INDUSTRIAL APPLICATIONS
Industrial signals are messy: spikes, drift and timing gaps hide the real condition of a machine. FPGA-based acquisition keeps channels aligned and captures relevant events at the source.
• Signals stay aligned across vibration/pressure/flow channels
• Short events get captured instead of being averaged away
• Hardware reactions stay predictable when faults occur
Typical Use Cases in Industrial Systems
Condition Monitoring for Machines and Process Equipment
Condition-monitoring products often fail on timing and data integrity: channels drift, transient events are missed and preprocessing happens too late. FPGA-based acquisition enables tightly synchronized multi-sensor sampling (vibration/pressure/flow), deterministic timestamping and real-time event capture close to the source. This improves repeatability of indicators and reduces data volume before the PLC/edge system. Where needed, sensor selection and front-end design can be developed as part of the solution.
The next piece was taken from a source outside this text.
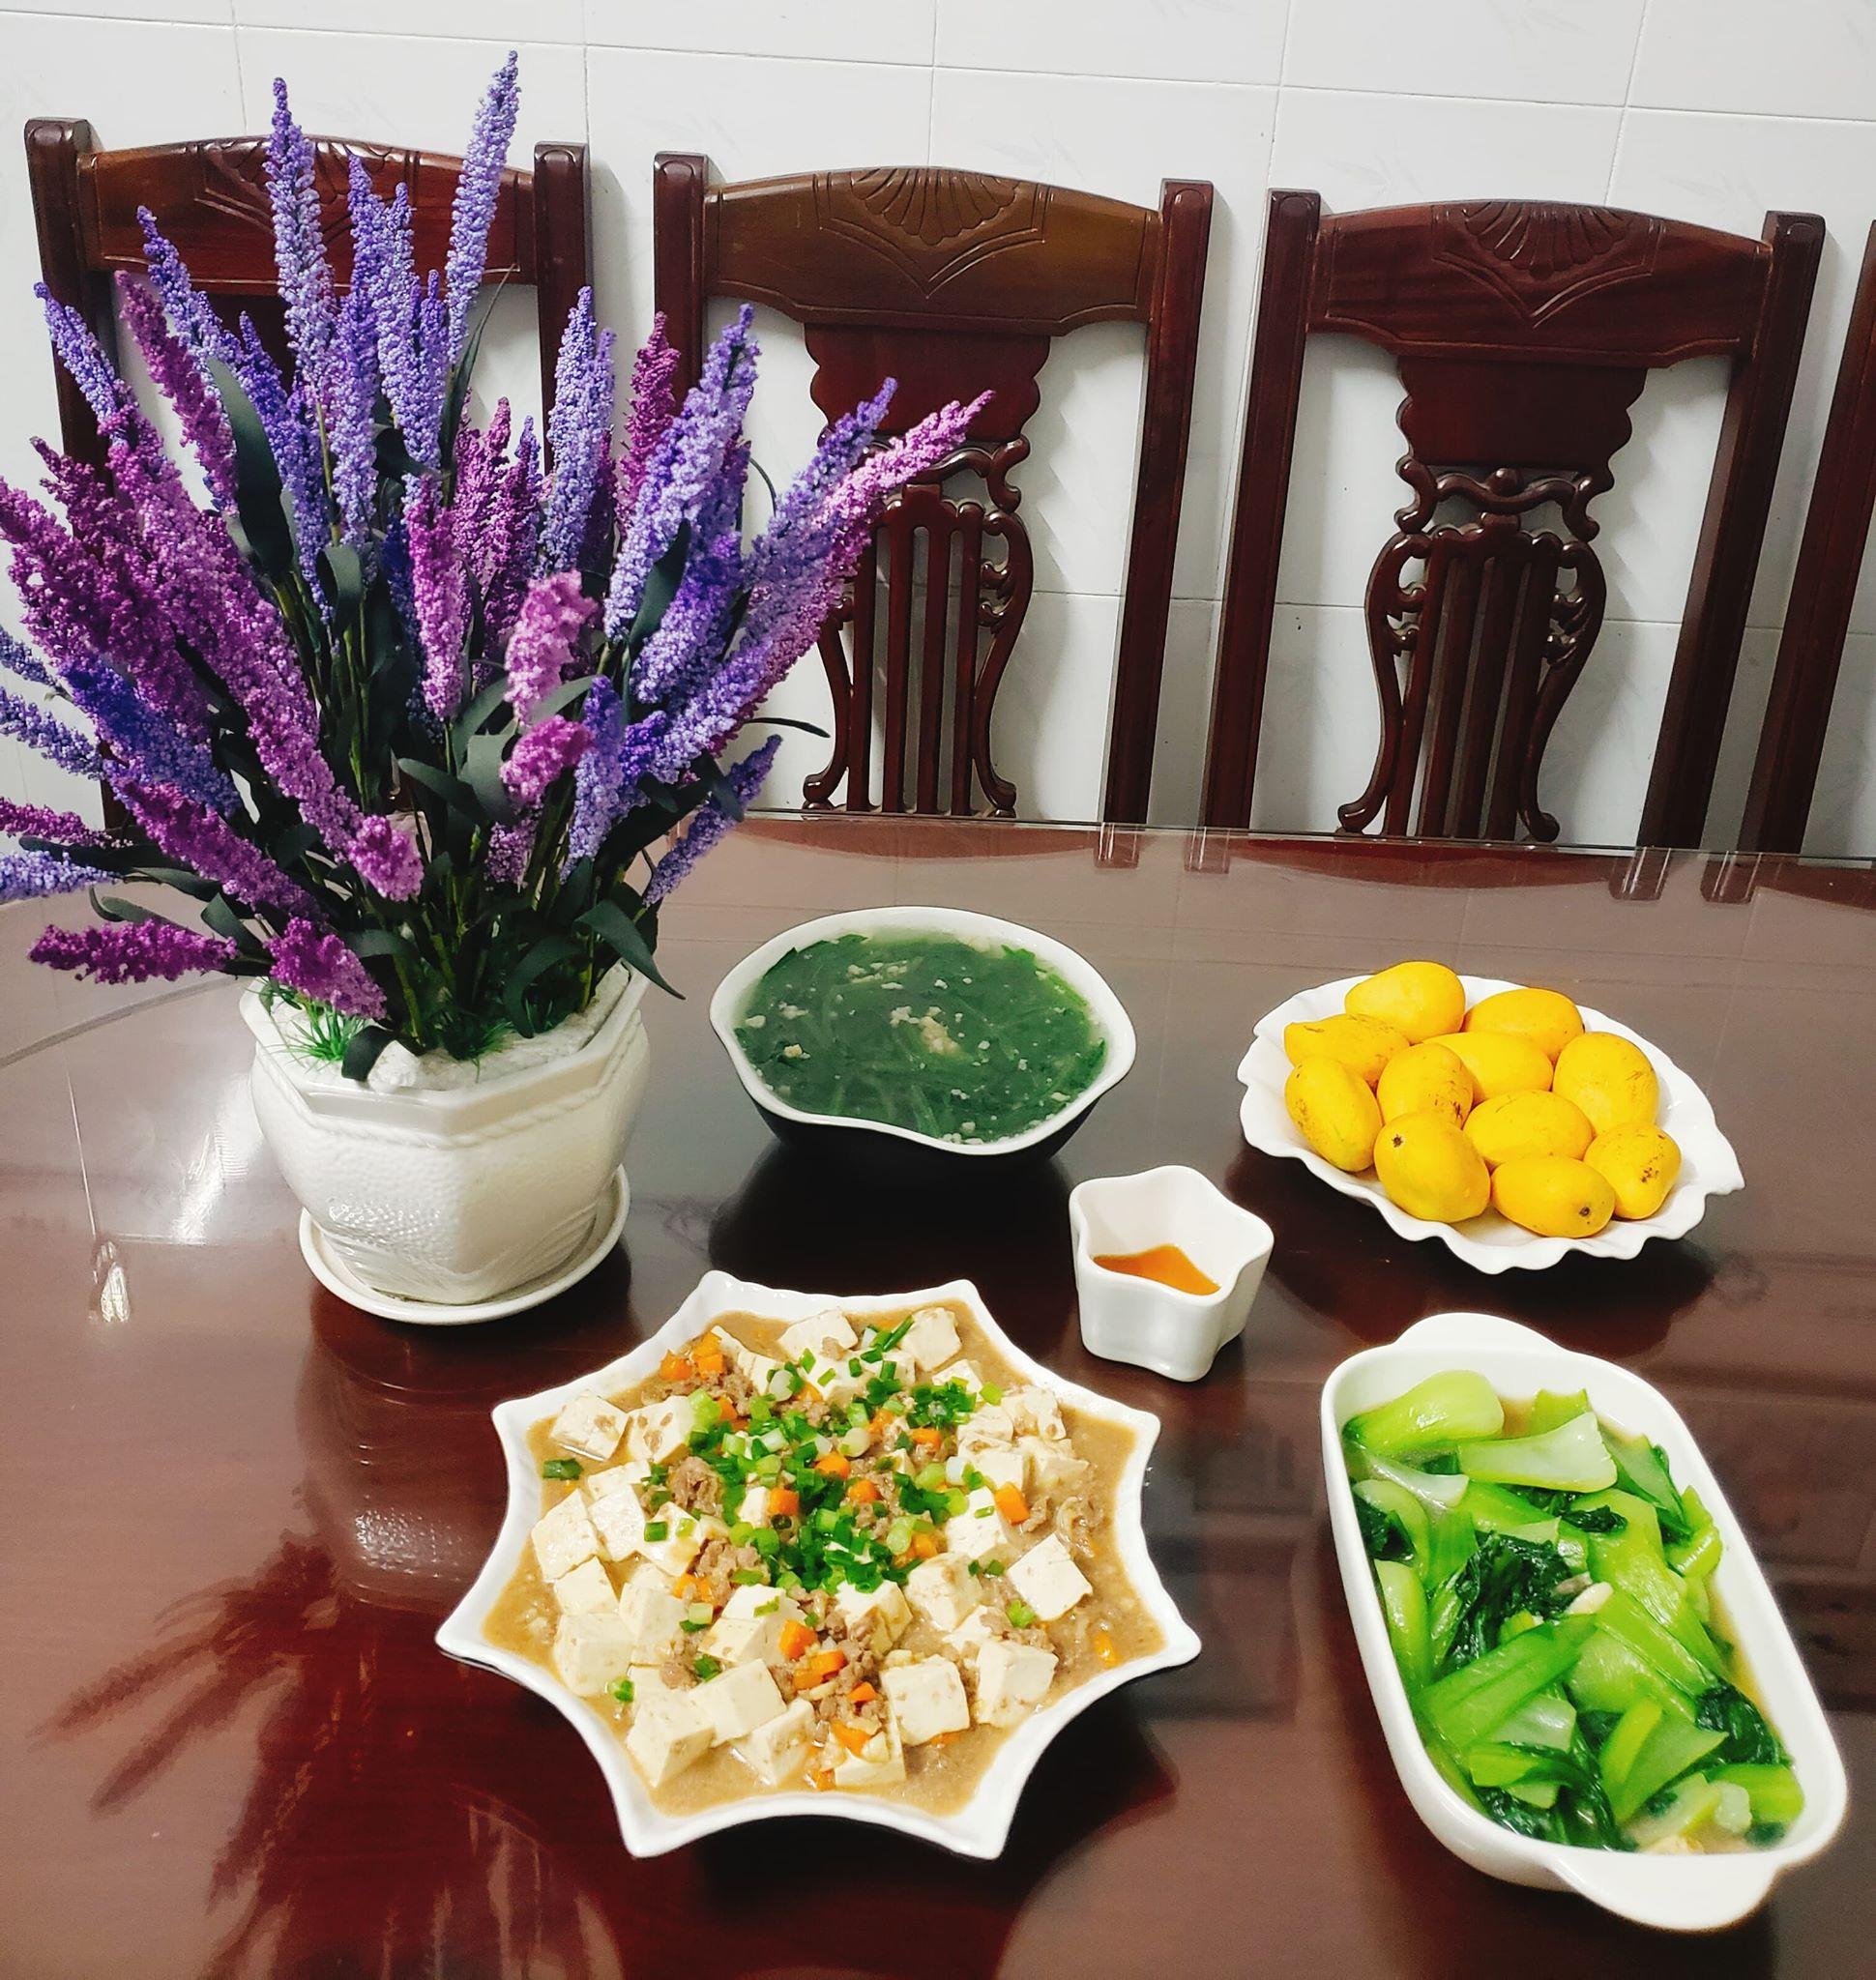 Chỉ từ 130k trở lên, bà nội trợ đảm Sài Gòn sắm sửa mỗi bữa cơm đều như đãi tiệc với các món bổ dưỡng, đẹp mắt cho gia đình 6 thành viên - Ảnh 9.

Safety Interlocks and Protection Paths in Industrial Control
Safety functions implemented purely in software can become sensitive to load, scheduling and update side effects. FPGA-based protection logic provides an independent, deterministic layer for interlocks, limit checks, watchdogs and fault latching, with defined safe states on reset and power events. This separation reduces common-mode failures and makes fault behavior measurable and reproducible during commissioning.
Commissioning and Regression Testing via HIL Sensor Emulation
Commissioning effort increases when faults are hard to reproduce and test runs vary in timing. FPGA-based HIL setups provide deterministic I/O behavior with precise update rates, enabling repeatable scenarios, controlled edge cases and automated regression tests for PLC/drive/control logic. This reduces on-site debugging time and supports long-term maintenance by making behavior verifiable after changes.
Industrial Vision Interfaces for Inspection and Automation
In industrial vision products, the main risk is often reliable transport and timing alignment rather than the vision algorithm itself. FPGA-based interface logic can stabilize camera readout timing, frame synchronization and trigger/strobe alignment, and implement buffering/monitoring to protect the host from data-rate spikes. The scope typically focuses on interfacing and deterministic streaming; higher-level image processing remains on the host.